Dataset entries:
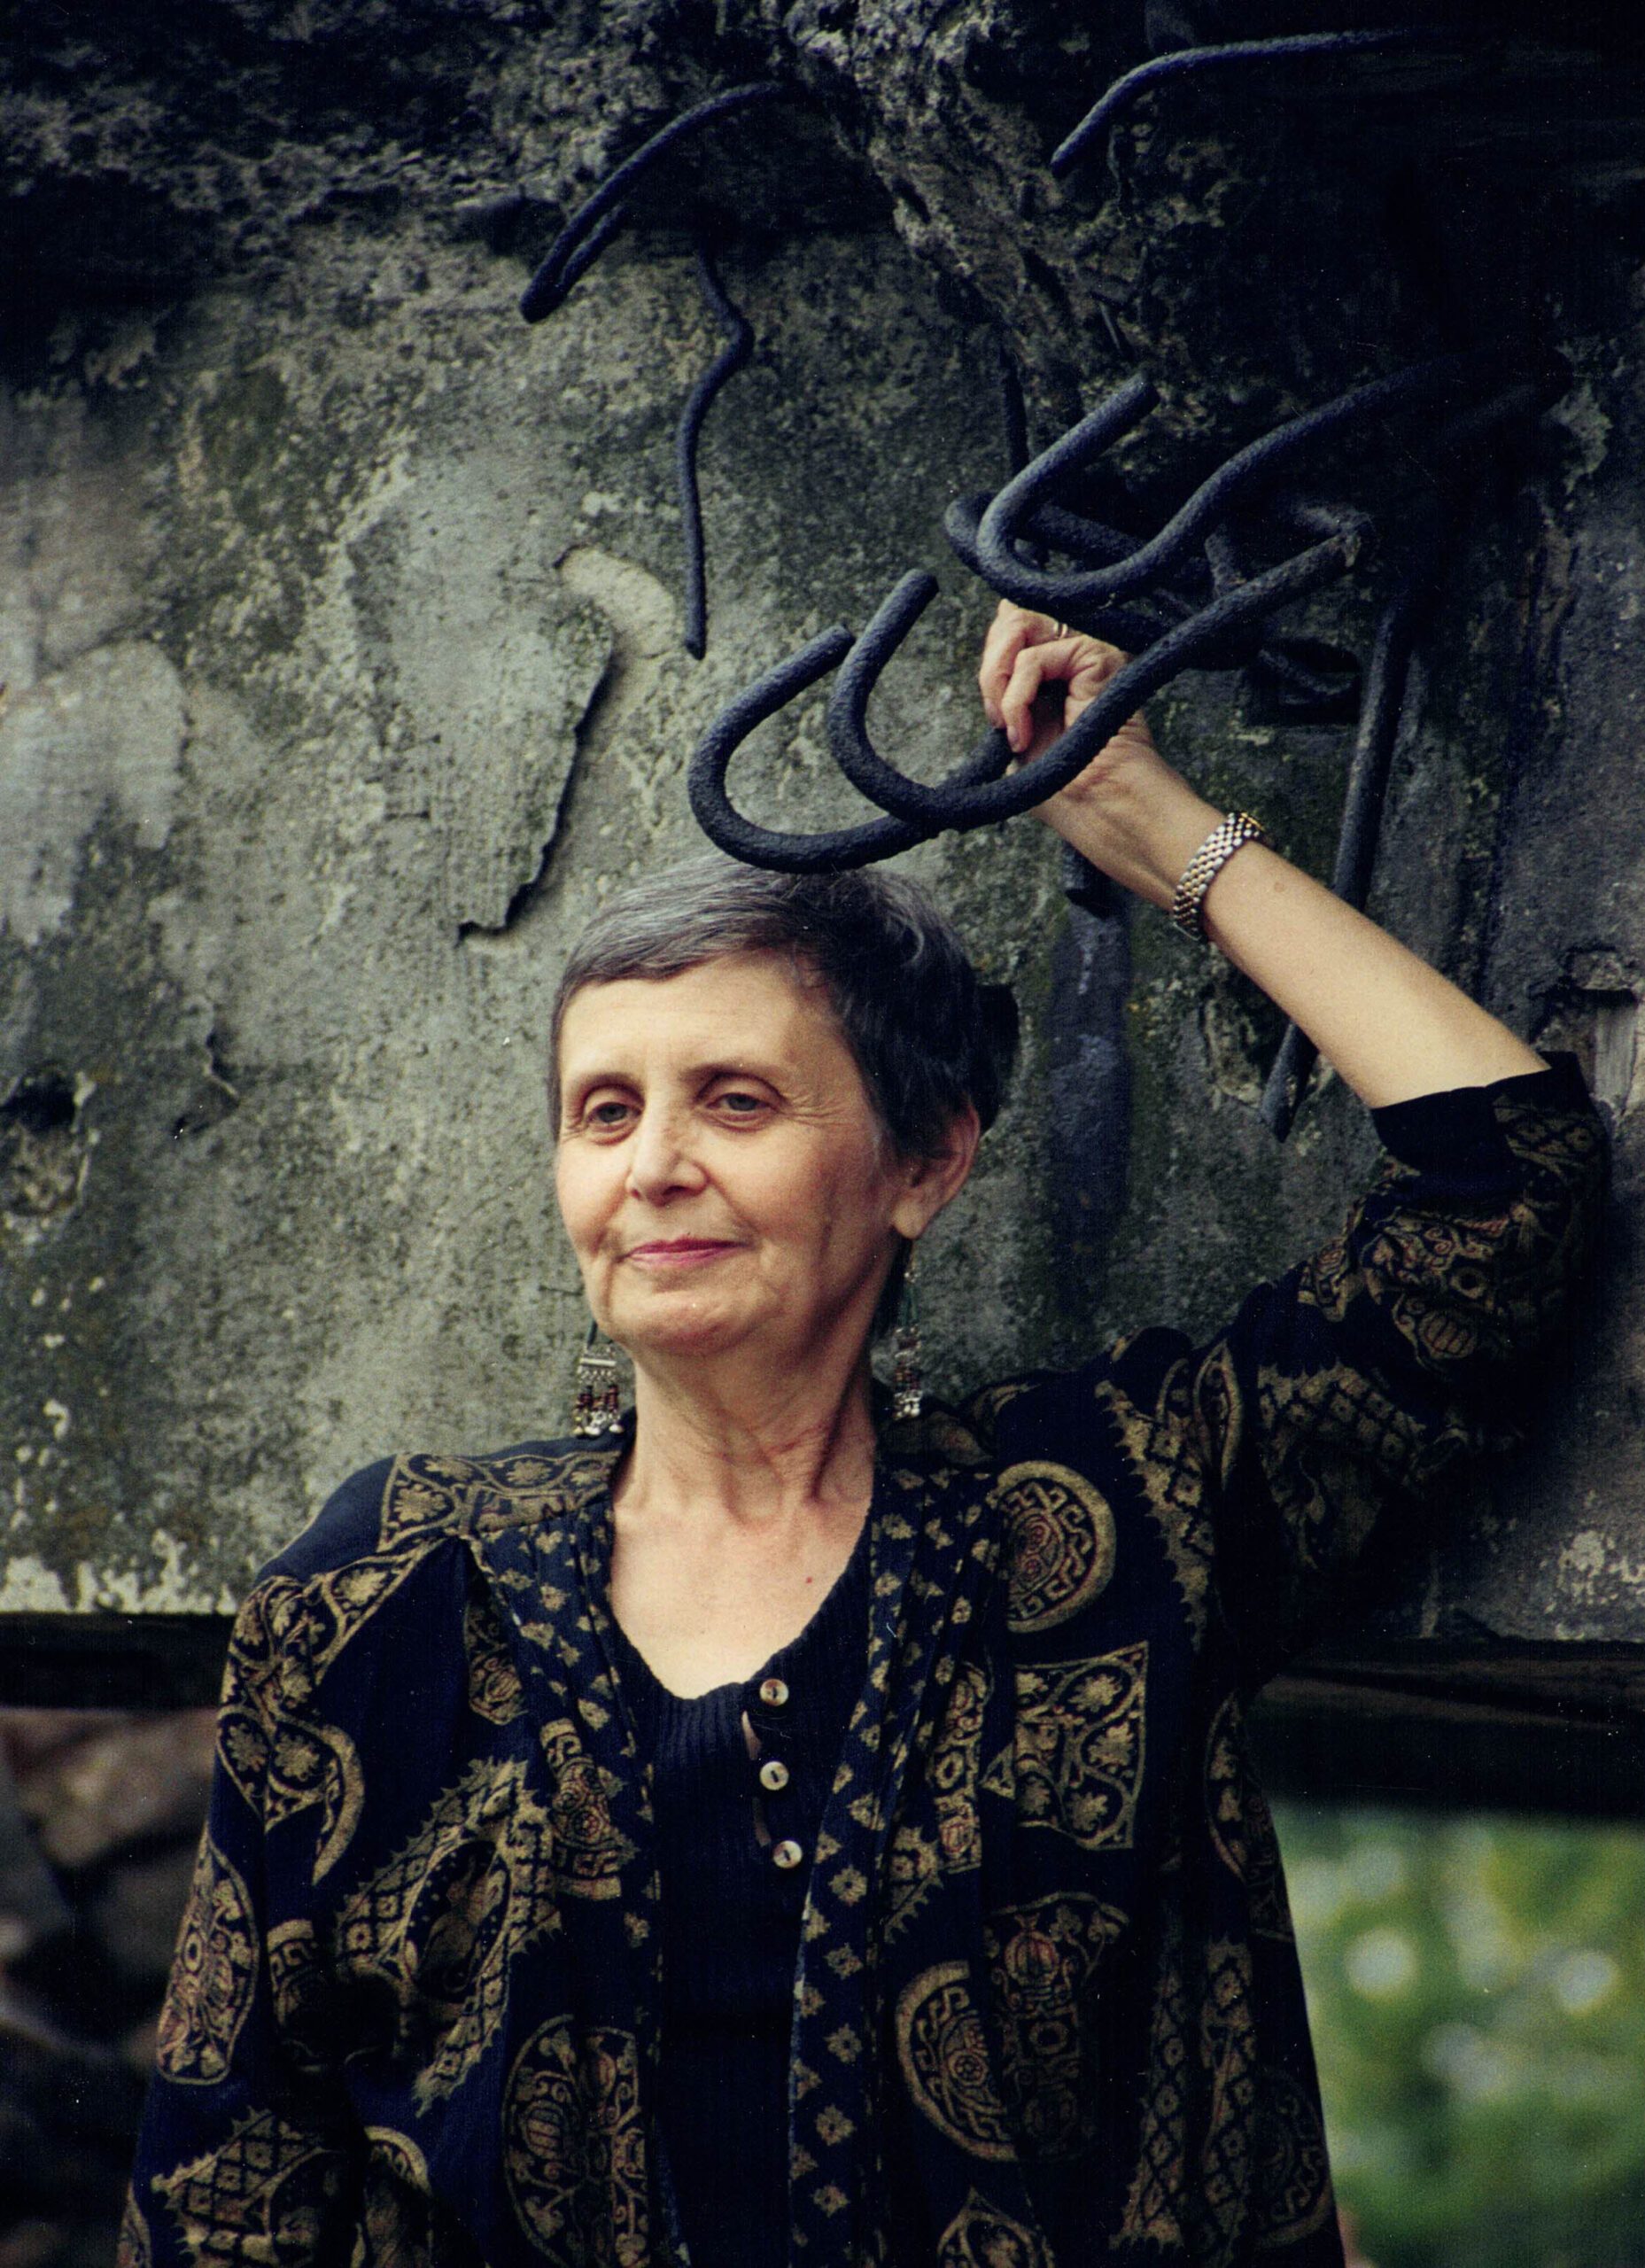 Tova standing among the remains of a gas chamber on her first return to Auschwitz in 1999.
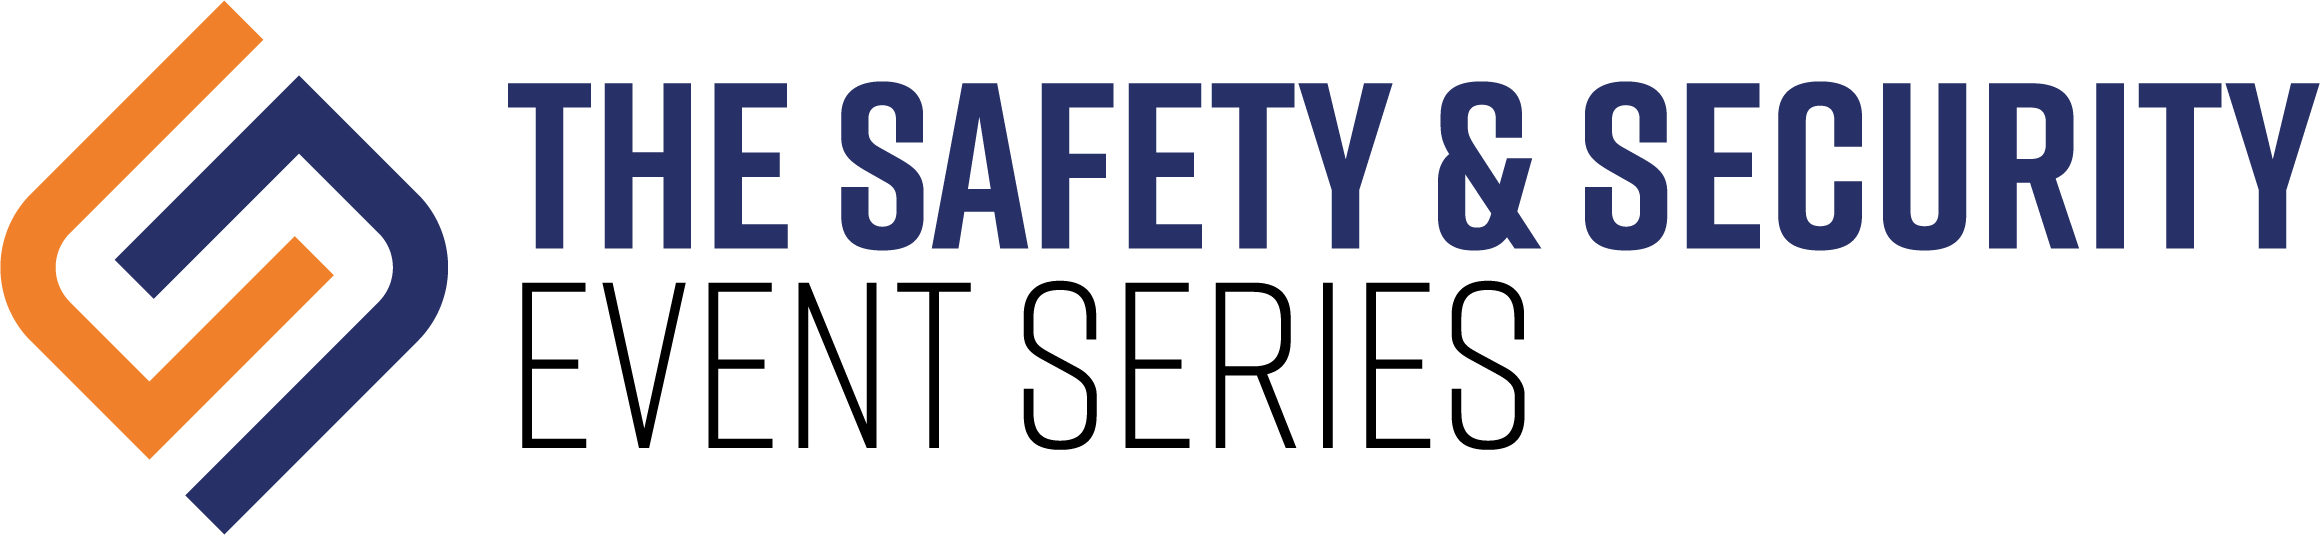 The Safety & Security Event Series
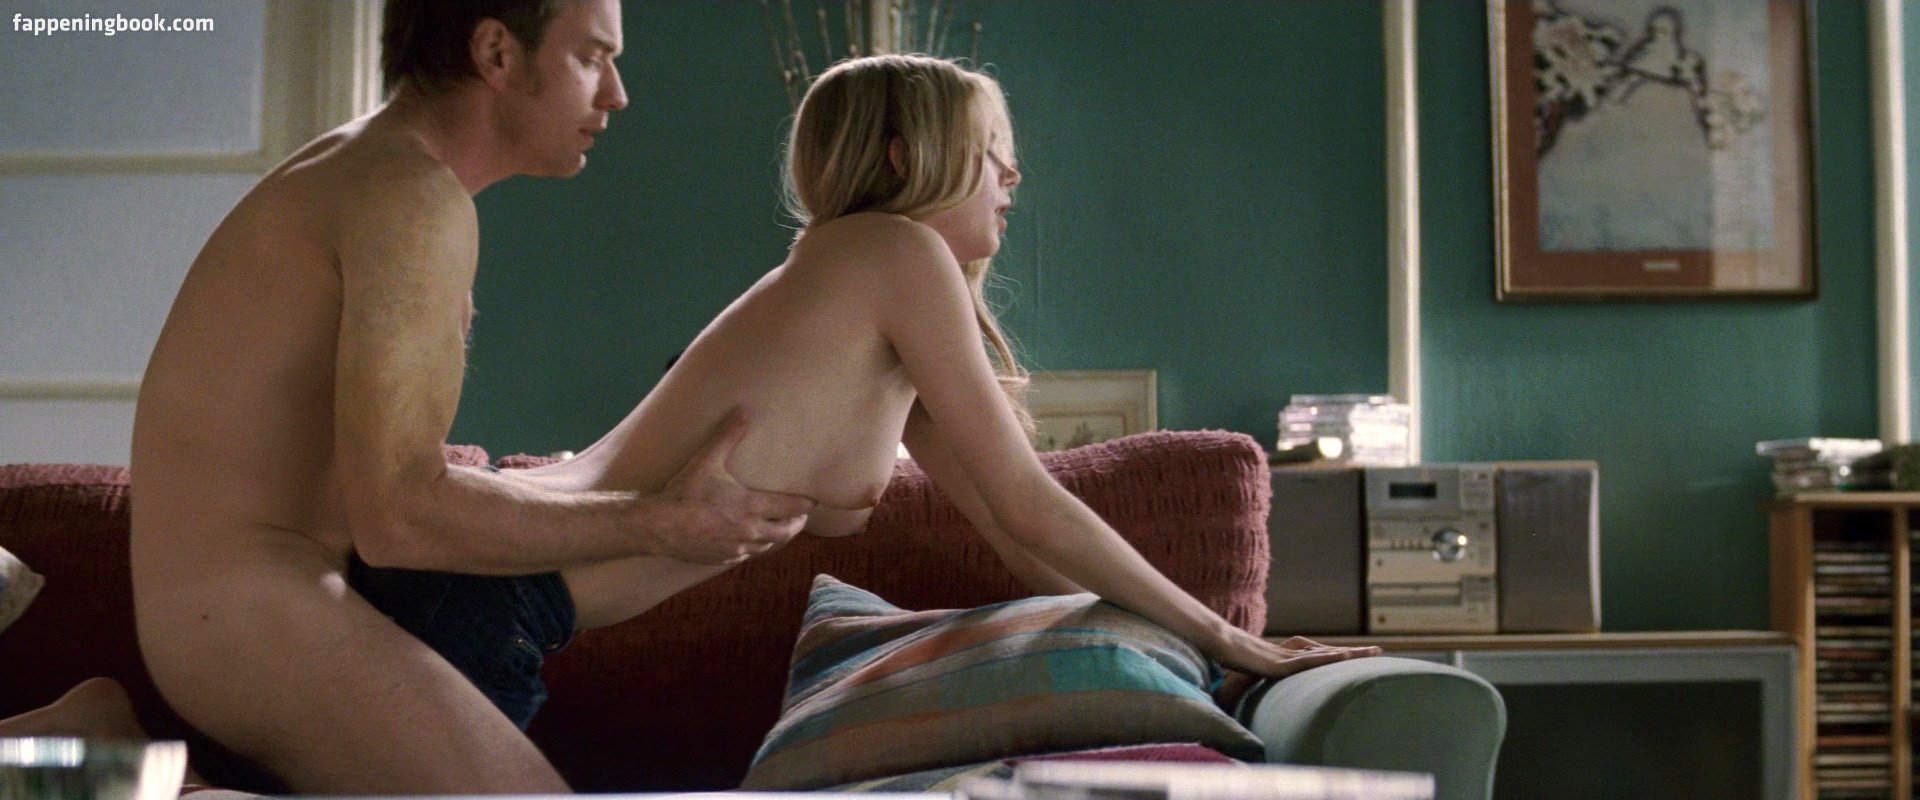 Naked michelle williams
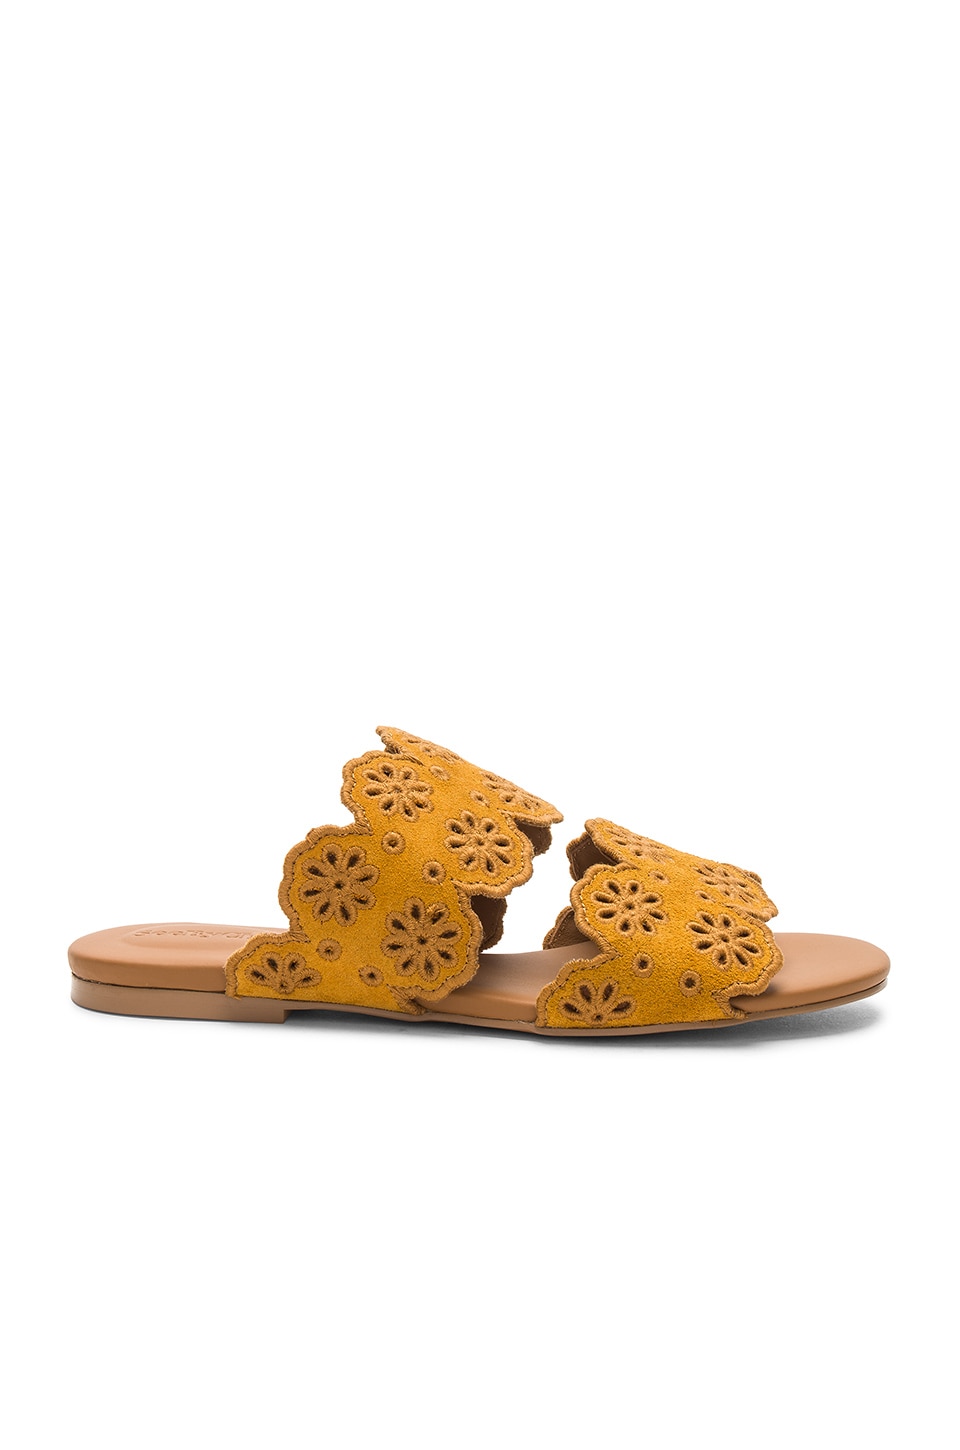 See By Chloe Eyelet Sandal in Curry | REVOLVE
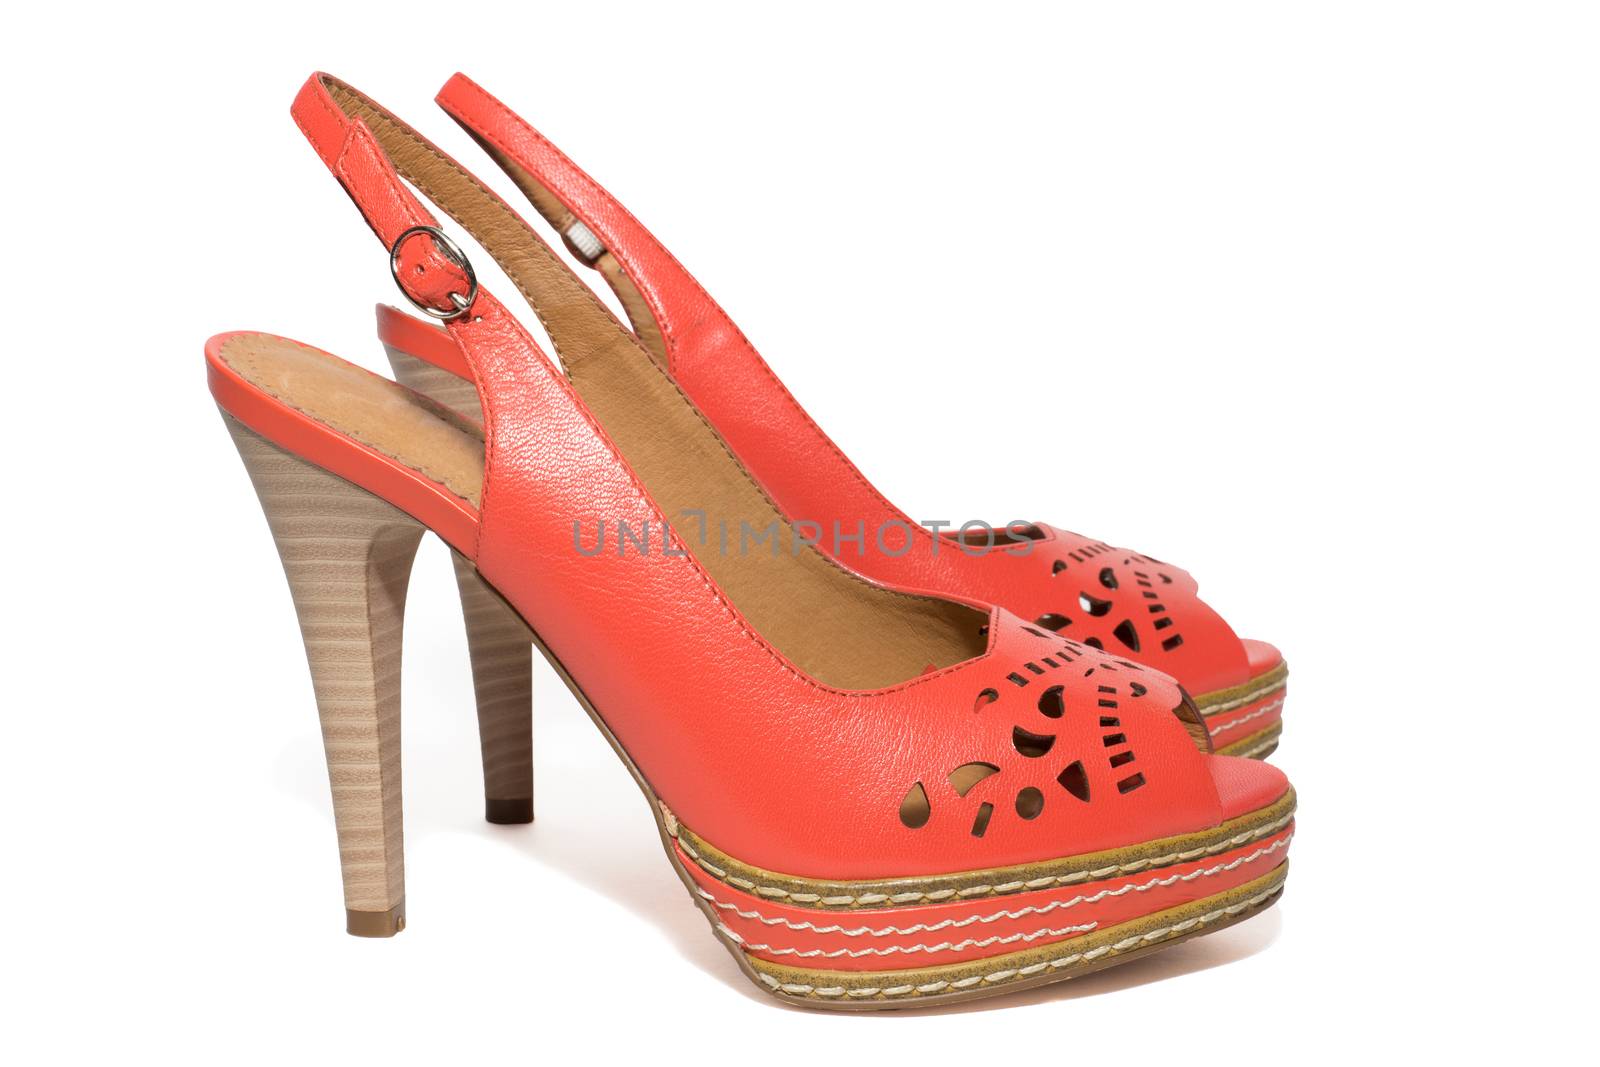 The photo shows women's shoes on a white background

**TASK BRIEF**
Each line of the data above must be reproduced as written. Skip the pictures.

**SOLVED PROBLEM**
 Tova standing among the remains of a gas chamber on her first return to Auschwitz in 1999.
 The Safety & Security Event Series
 Naked michelle williams
 See By Chloe Eyelet Sandal in Curry | REVOLVE
 The photo shows women's shoes on a white background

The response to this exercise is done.